The characteristics of tonal pitch spaces are mostly not shared with language. There are a number of possible parallels. For instance, prosodic contours in lan- guage tend to go down at the end, and so do melodies. But both probably inherit this from the form of human and mammalian calls (and possibly from physiology – the drop in air pressure as the lungs are emptied). Thus this common characteristic could be the result of independent inheritance from a common ancestor.

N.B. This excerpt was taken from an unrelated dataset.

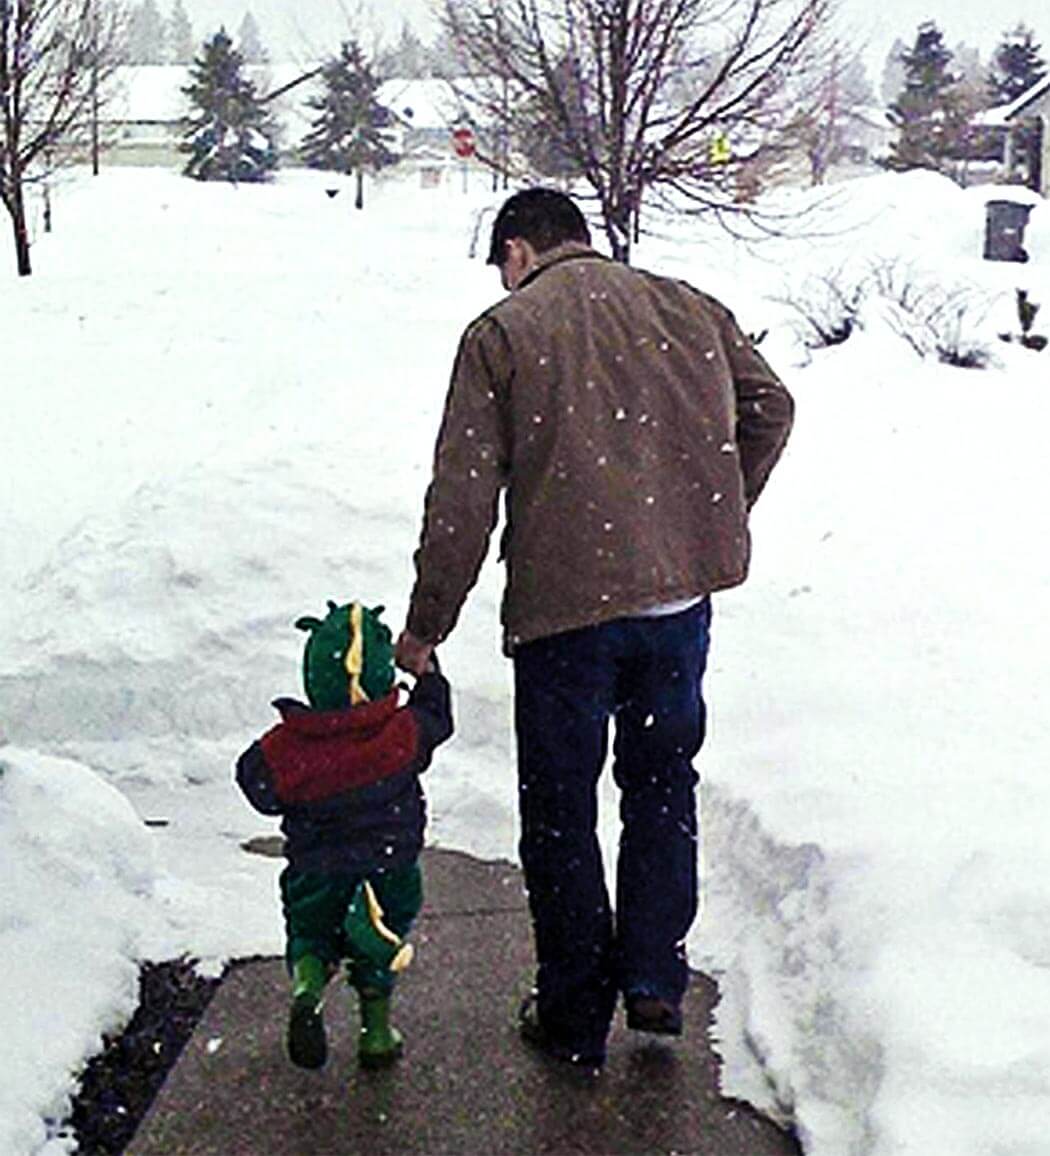 child and adult walking in the snow
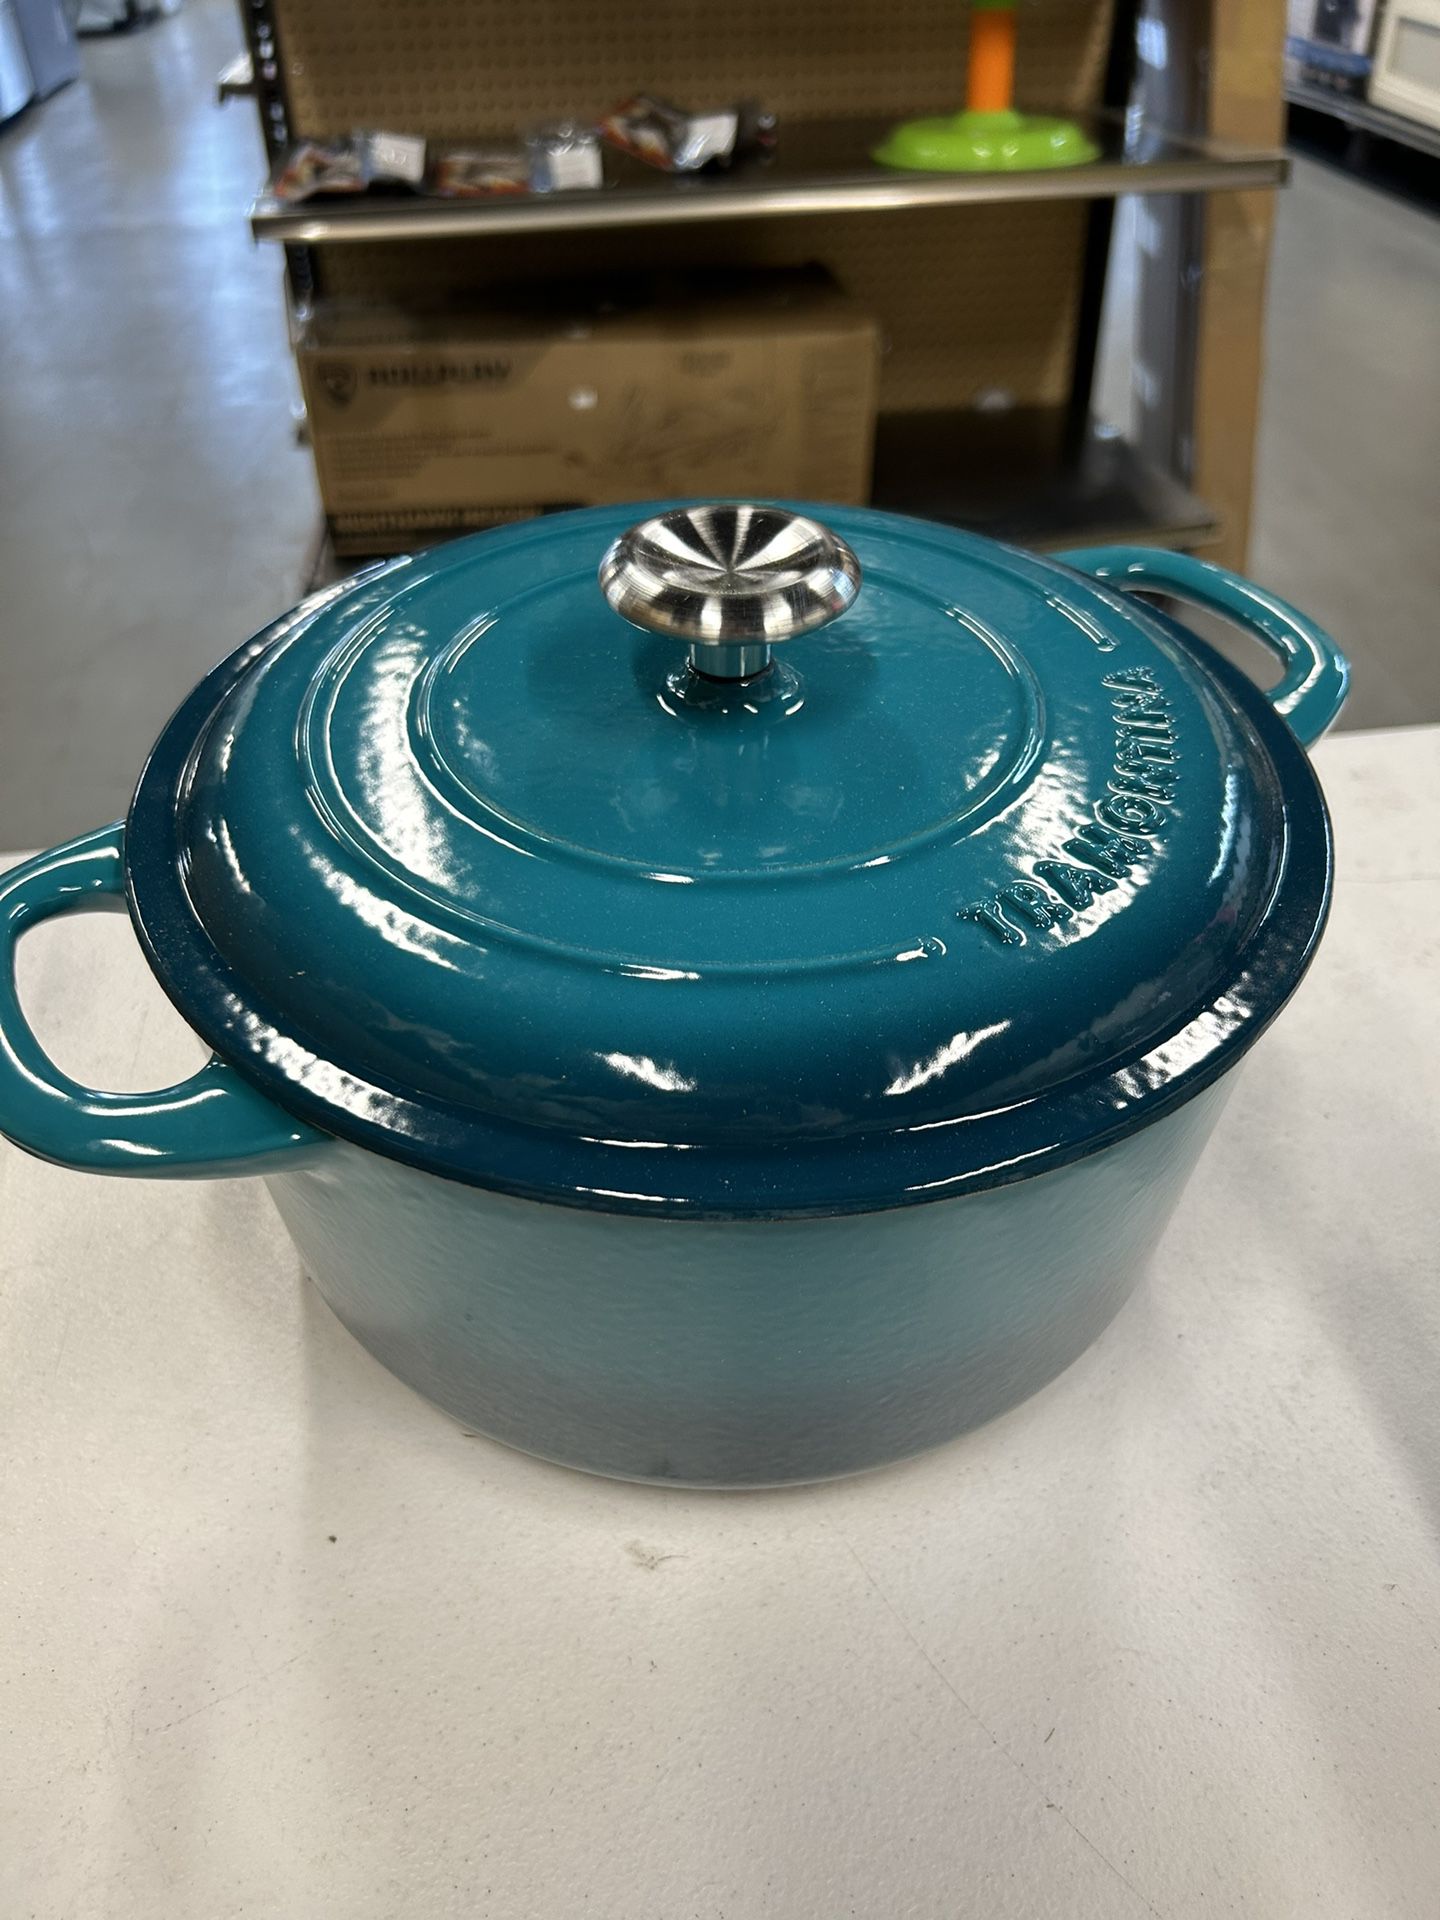 Tramontina Enameled Cast Iron Dutch Ovens 3.5 QT and 5.5 QT ️New Item ️Red  Or Green (Stores Costco/Walmart Retail $70-$130 ) Big Saving Deal️$45 for  Sale in Bell Gardens, CA - OfferUp

Moreover, only melodies have discrete pitches, while prosodic contours usually involve a continuous rise and fall. Of course there are mixtures. On the one hand, many vocal and instrumental traditions incorporate bending of pitches and sliding between them. And intonation (in many languages) is commonly analyzed in terms of high and low pitches anchored on prominent accents and ends of breath-groups (Pierrehumbert 1980). Thus intonation in language might be fundamentally a two-pitch tonal system, modulated by continuous transitions between the anchoring pitches. However, the high and low pitches are not fixed in frequency throughout an utterance, unlike the fixed dominant and tonic in musical pitch space. So the analogy between intonational systems and tonal pitch spaces is strained at best.

Pitch in language is also used for tone in tone languages such as Chinese and many West African languages. In such languages, the tones form a fixed set that might seem analogous to tonal pitch space. However, since the tones used are determined by the words being used, no tone can function as a tonic – the point of maximum stability at which melodies typically come to rest. Moreover, tones are superimposed on an overall intonation contour. As a breath group continues, all tones drift down, and the intervals between them get smaller (Ladd 1996) – an entirely different use of pitch than in musical pitch spaces. Finally, evidence from tone deafness and amusia (Peretz and Coltheart 2003) suggests that linguistic intonation and musical pitch are controlled by distinct brain areas.

Thus language has no convincing analogue to the musical use of pitch space, despite their making use of the same motor capacities in the vocal tract.


Rhythm

GTTM shows that phonology and music are both structured rhythmically by similar metrical systems, based on a hierarchical metrical grid. This is a parallel perhaps shared by only music and language. However, the domains use the grid differently. The minimal metrical unit in phonology is the syllable, a sequence of speech sounds which corresponds to a beat in the metrical grid. The metrical grid in language usually is not performed isochronously (Patel 2008: 97–154). By contrast, a single note in music can subtend multiple beats, and a beat can be subdivided by multiple notes. And within certain degrees of tolerance (depending on the style), the metrical grid is isochronous, which makes syncopation possible.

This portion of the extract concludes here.